Reproduce exactly the lines from the one containing "Mavrick / Universal Music" through the end of the listing, minus the pictures.

.....

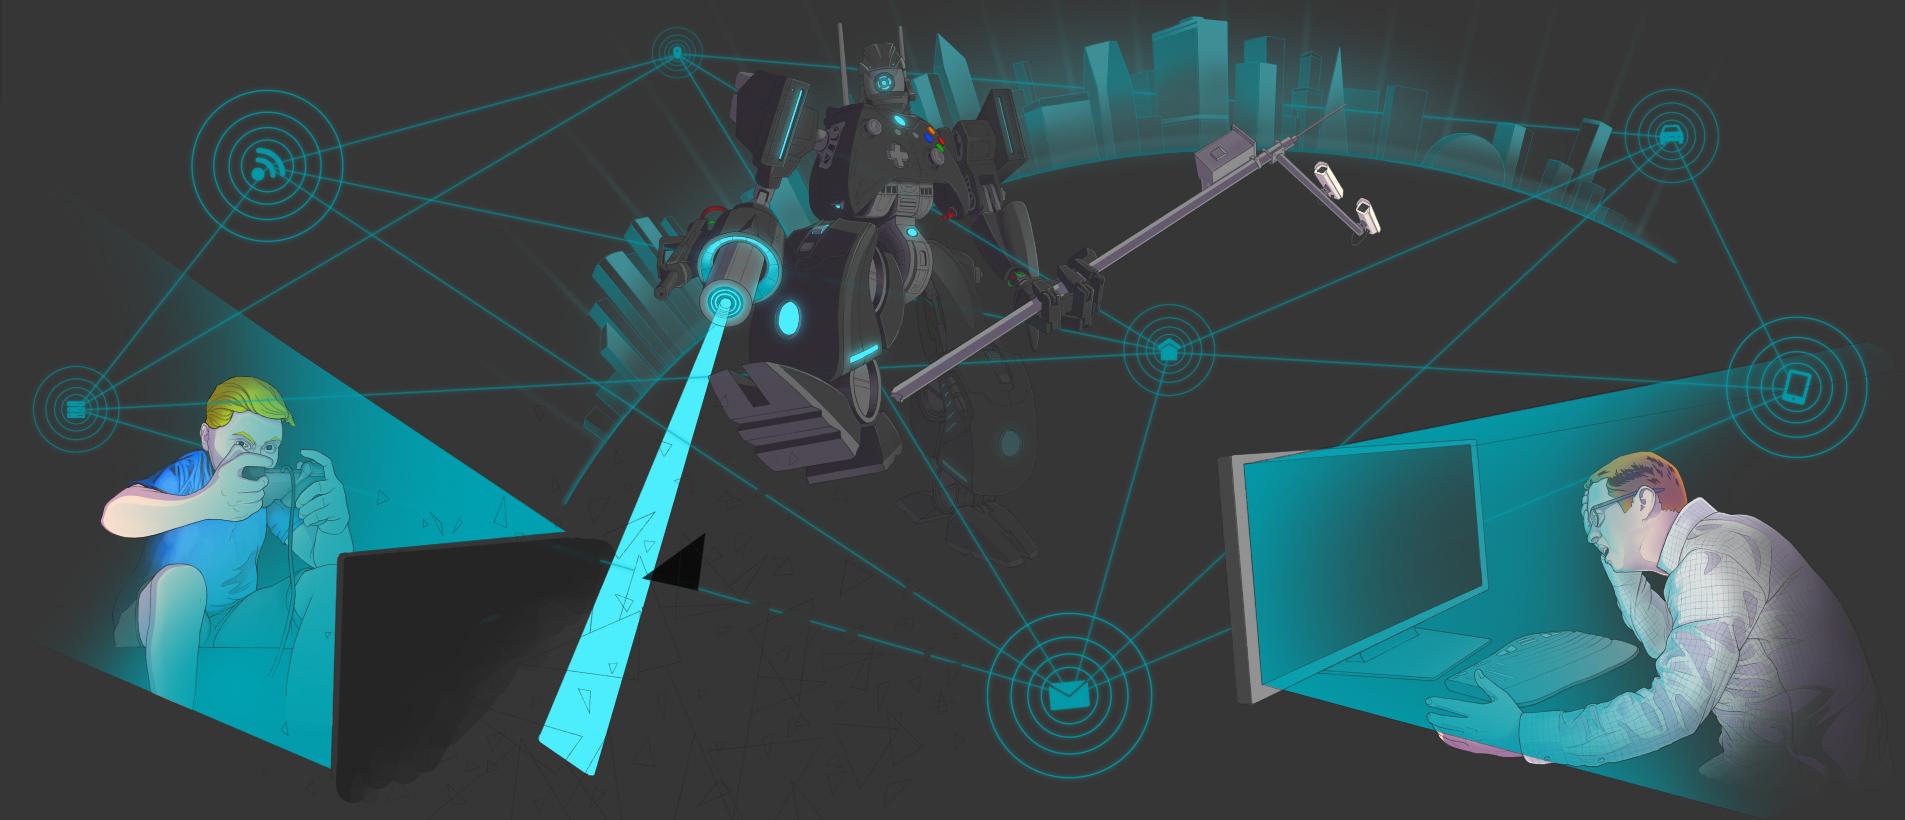 teen_attacker_concept_layout.jpg
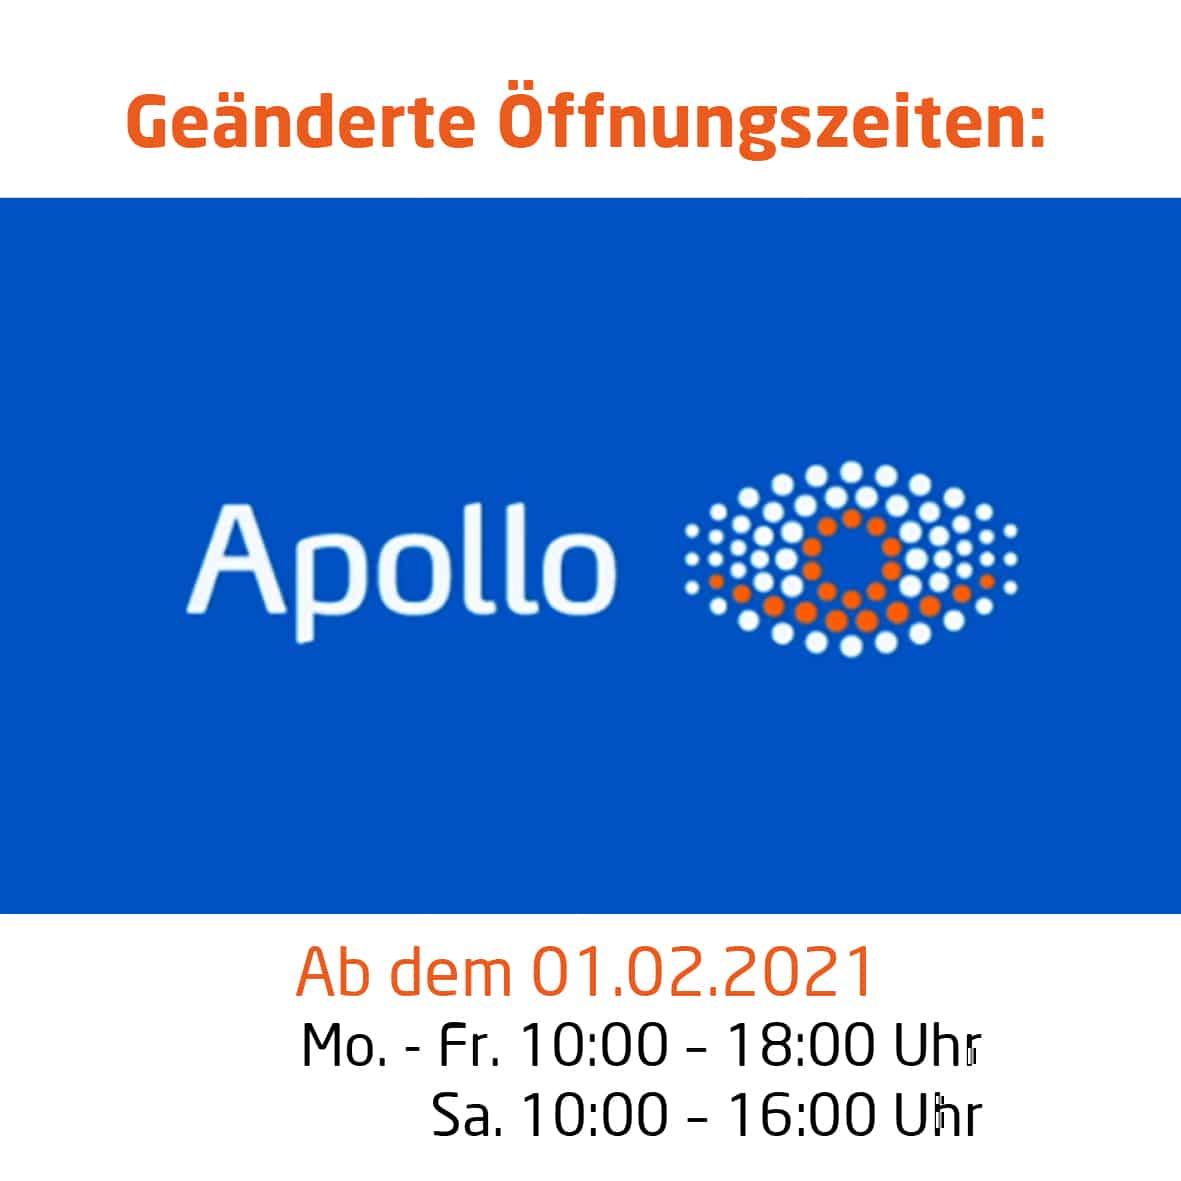 GEÄNDERTE ÖFFNUNGSZEITEN BEI APOLLO OPTIK AB DEM 01.02.2021
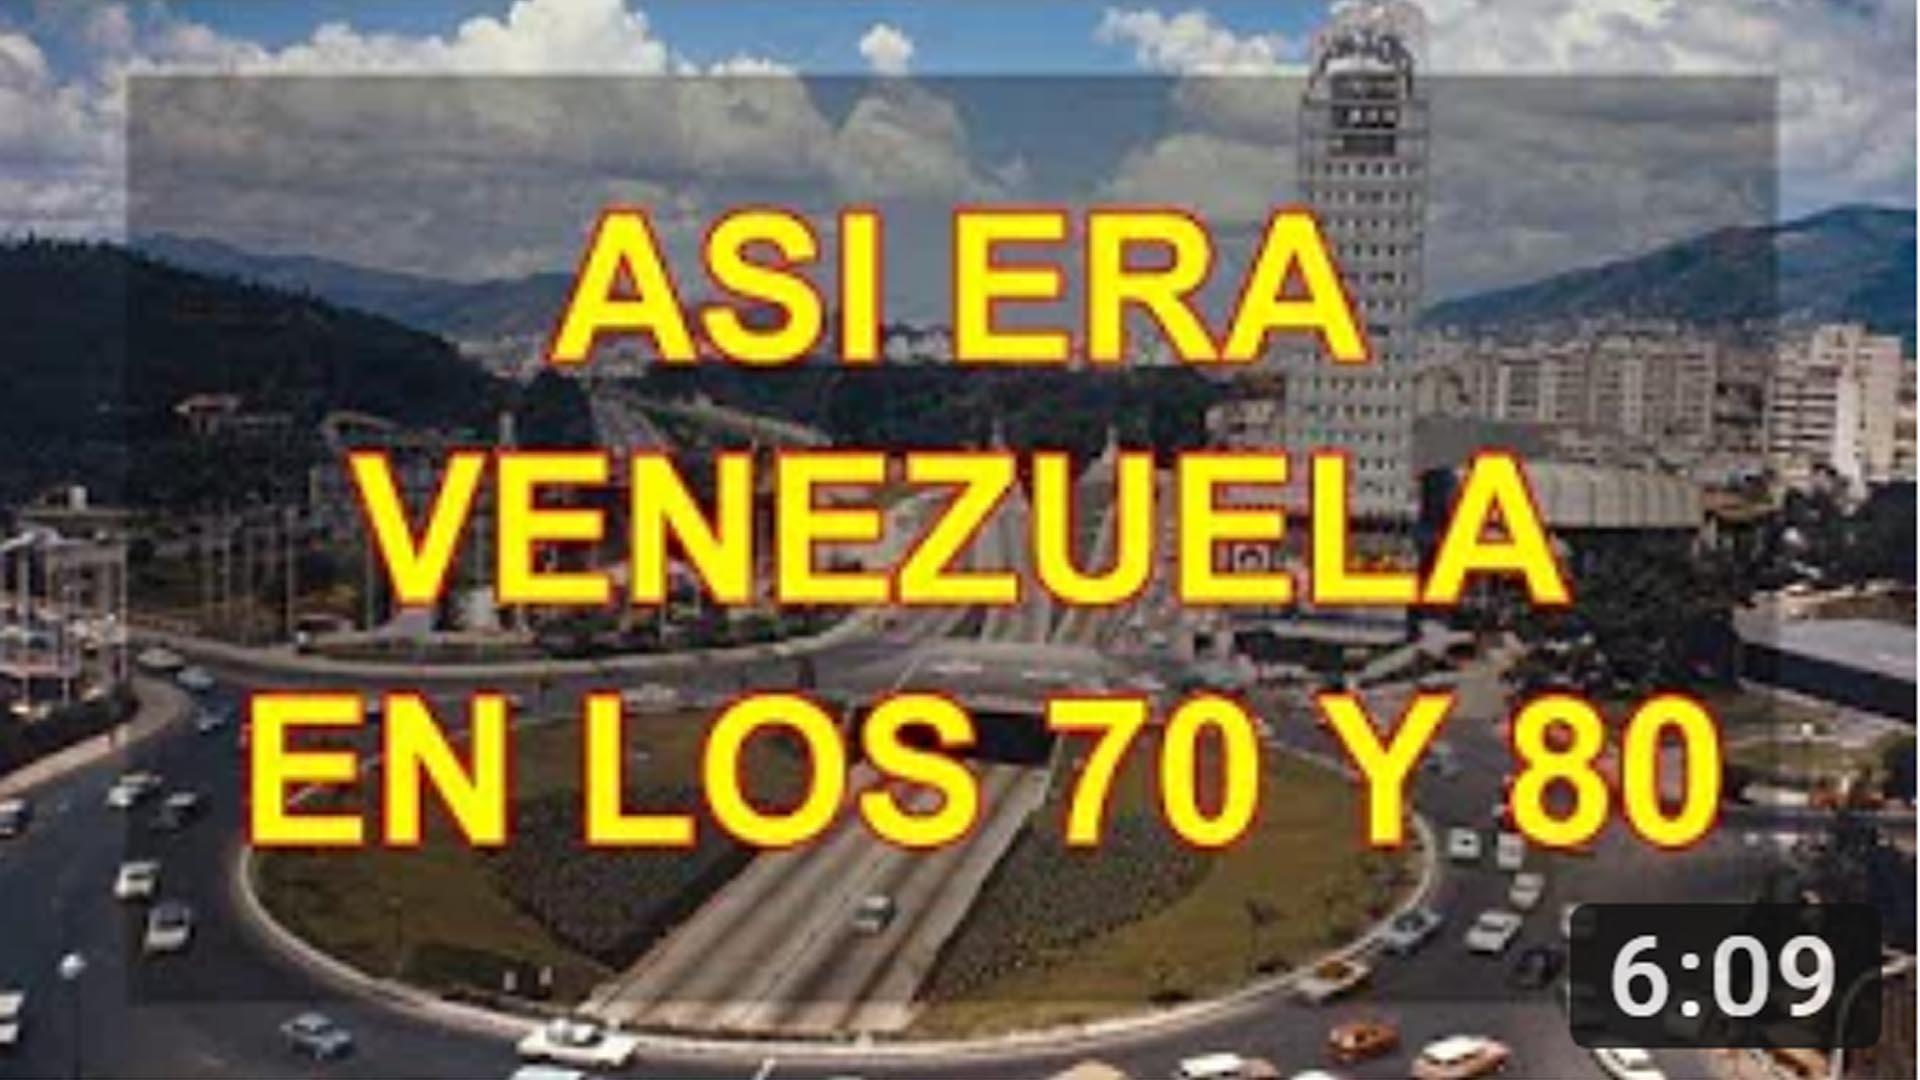 ASI ERA VENEZUELA EN LOS 70 Y 80, VENEZUELA DE ANTAÑO, VENEZUELA EPOCA DE BONANZA
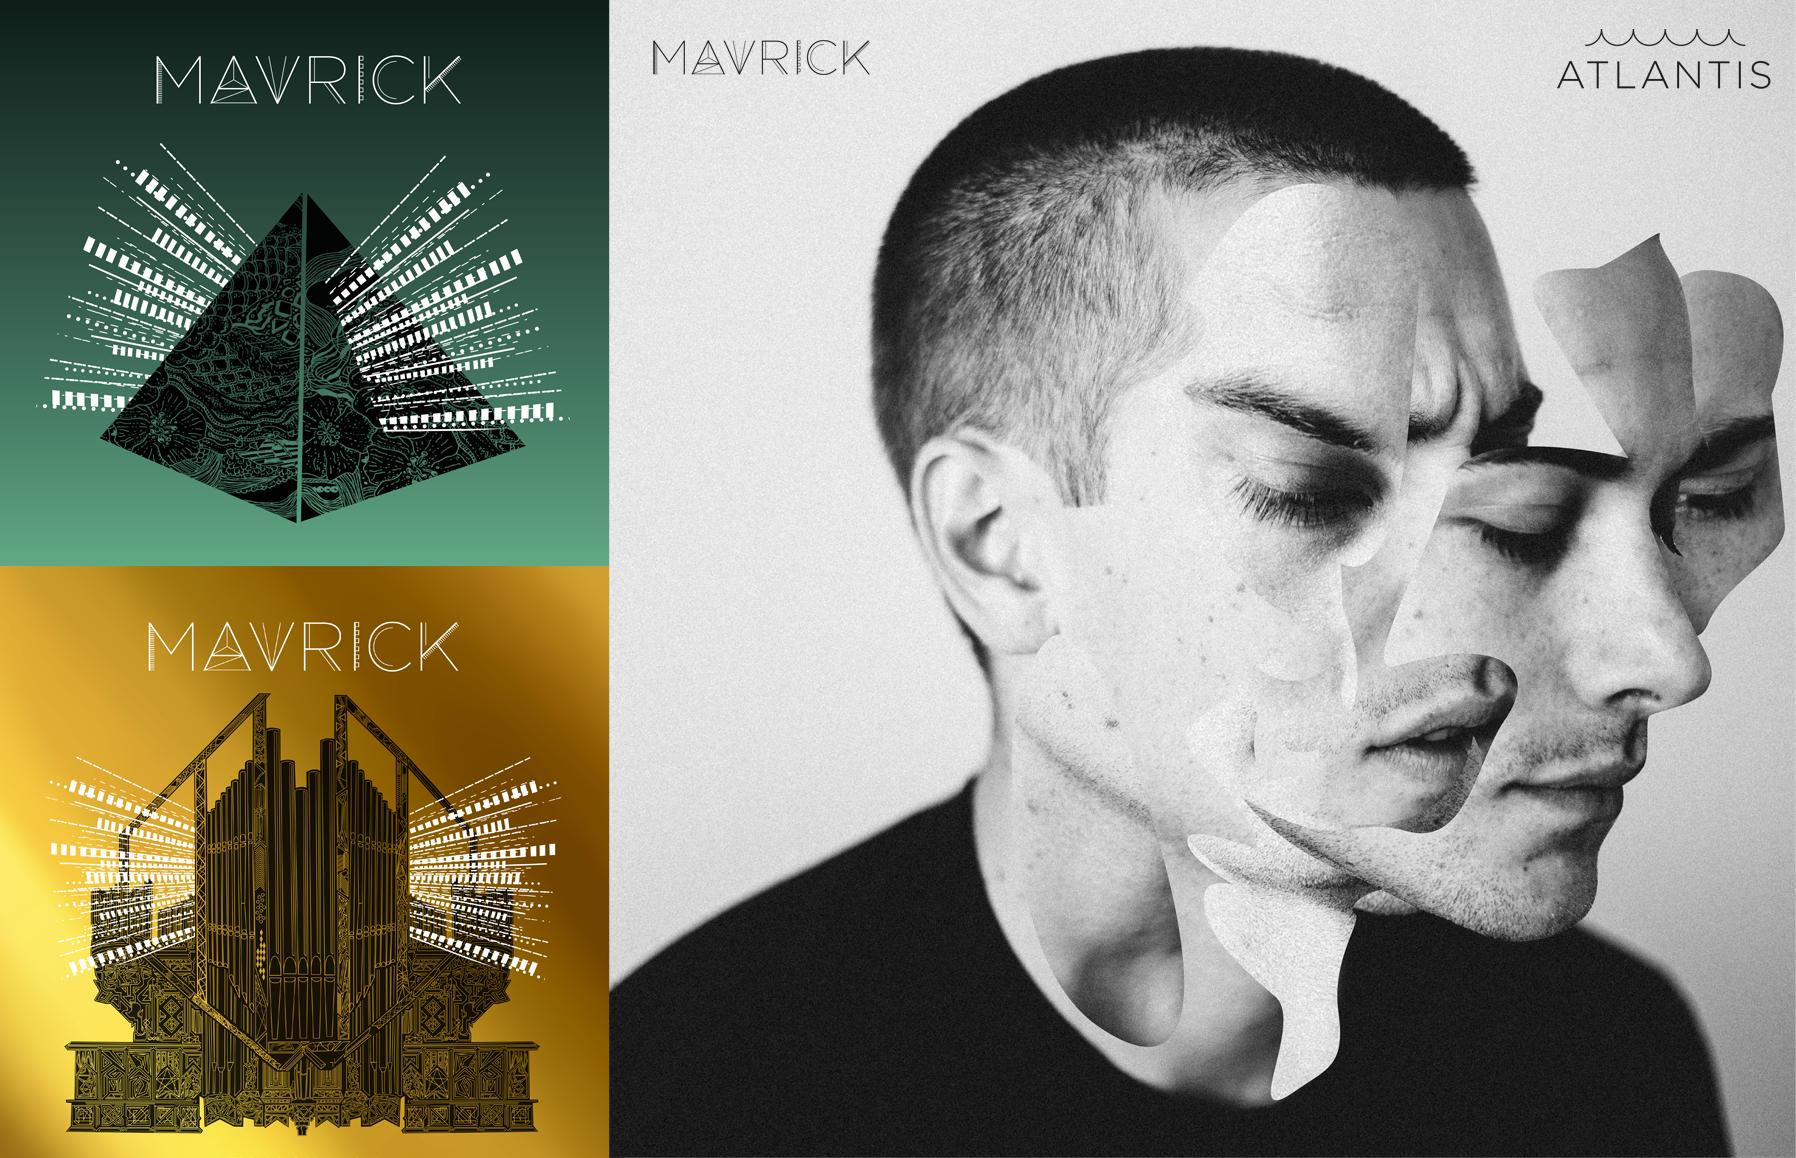 Mavrick / Universal Music
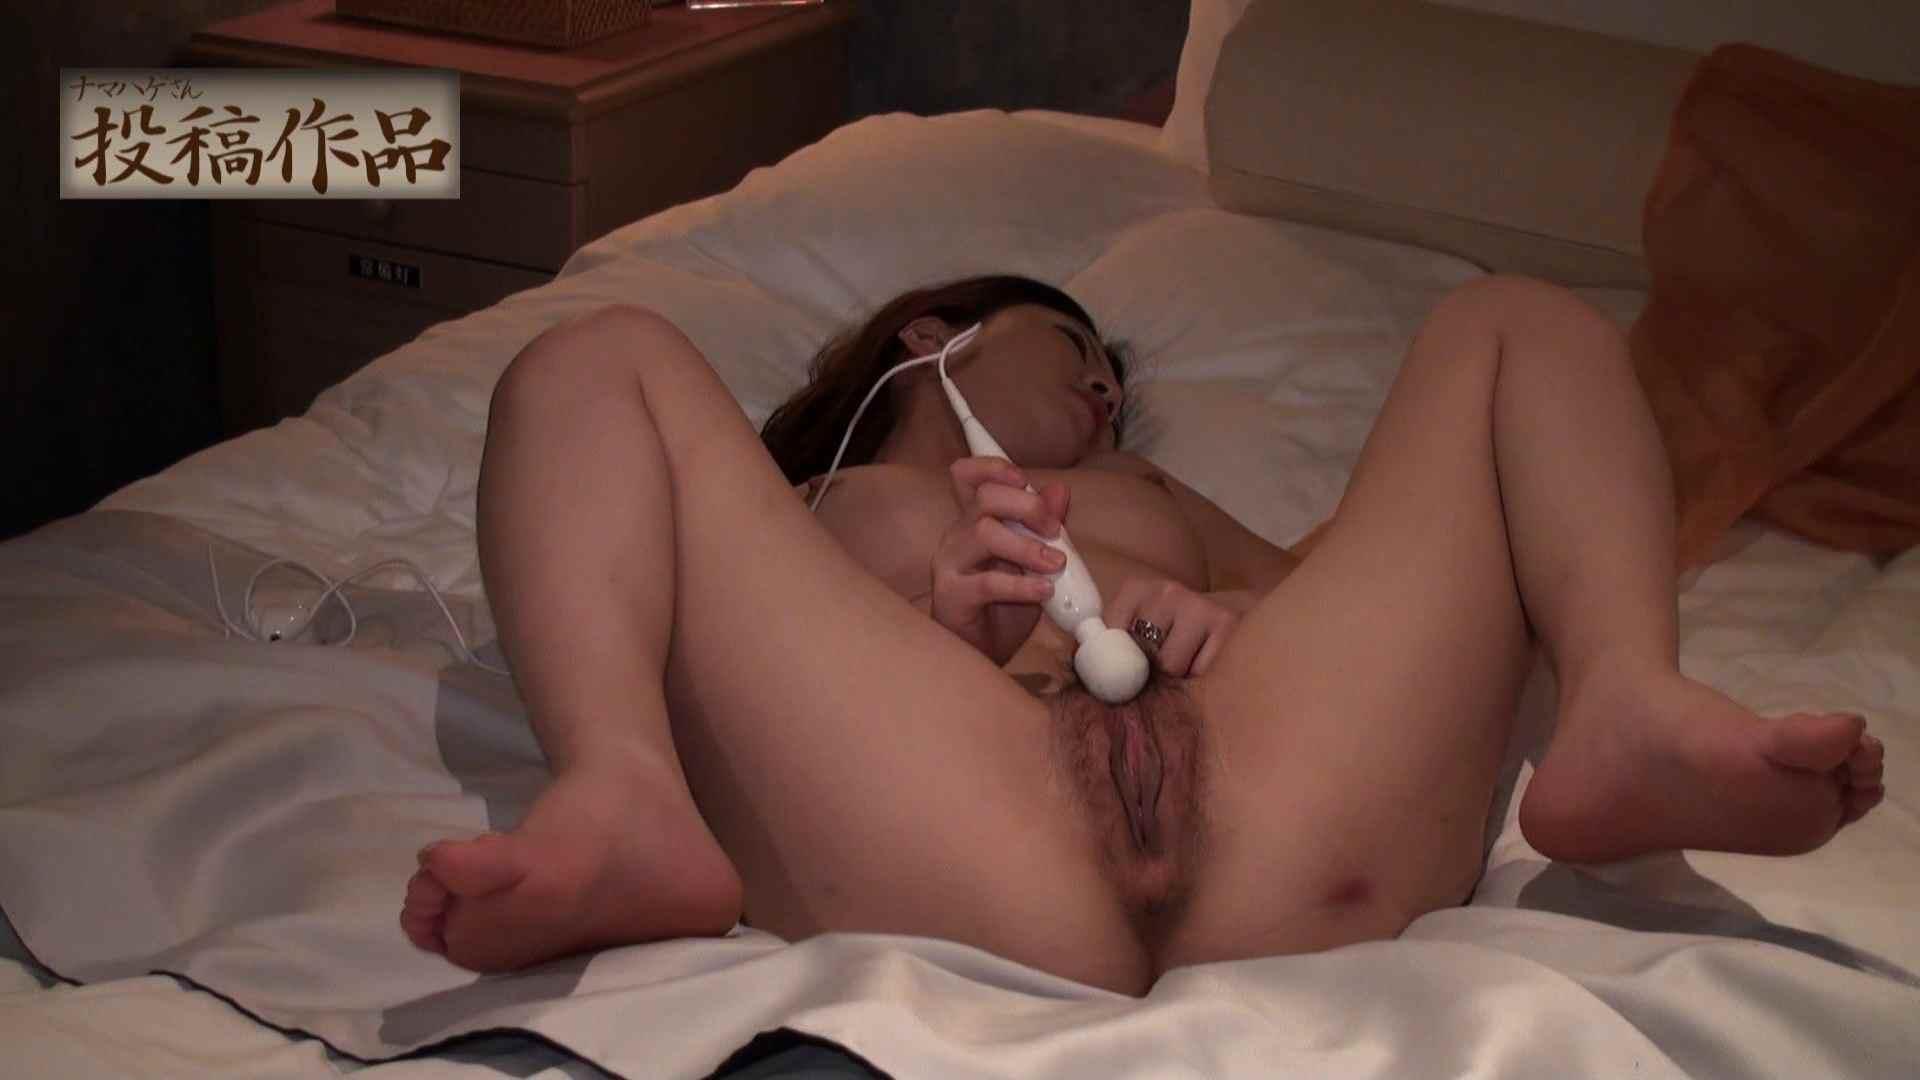 ナマハゲさんのまんこコレクション第3弾 ichiko オナニー覗き見 盗撮画像 64pic 11

.....

* Solution to this problem:
 Mavrick / Universal Music
 ナマハゲさんのまんこコレクション第3弾 ichiko オナニー覗き見 盗撮画像 64pic 11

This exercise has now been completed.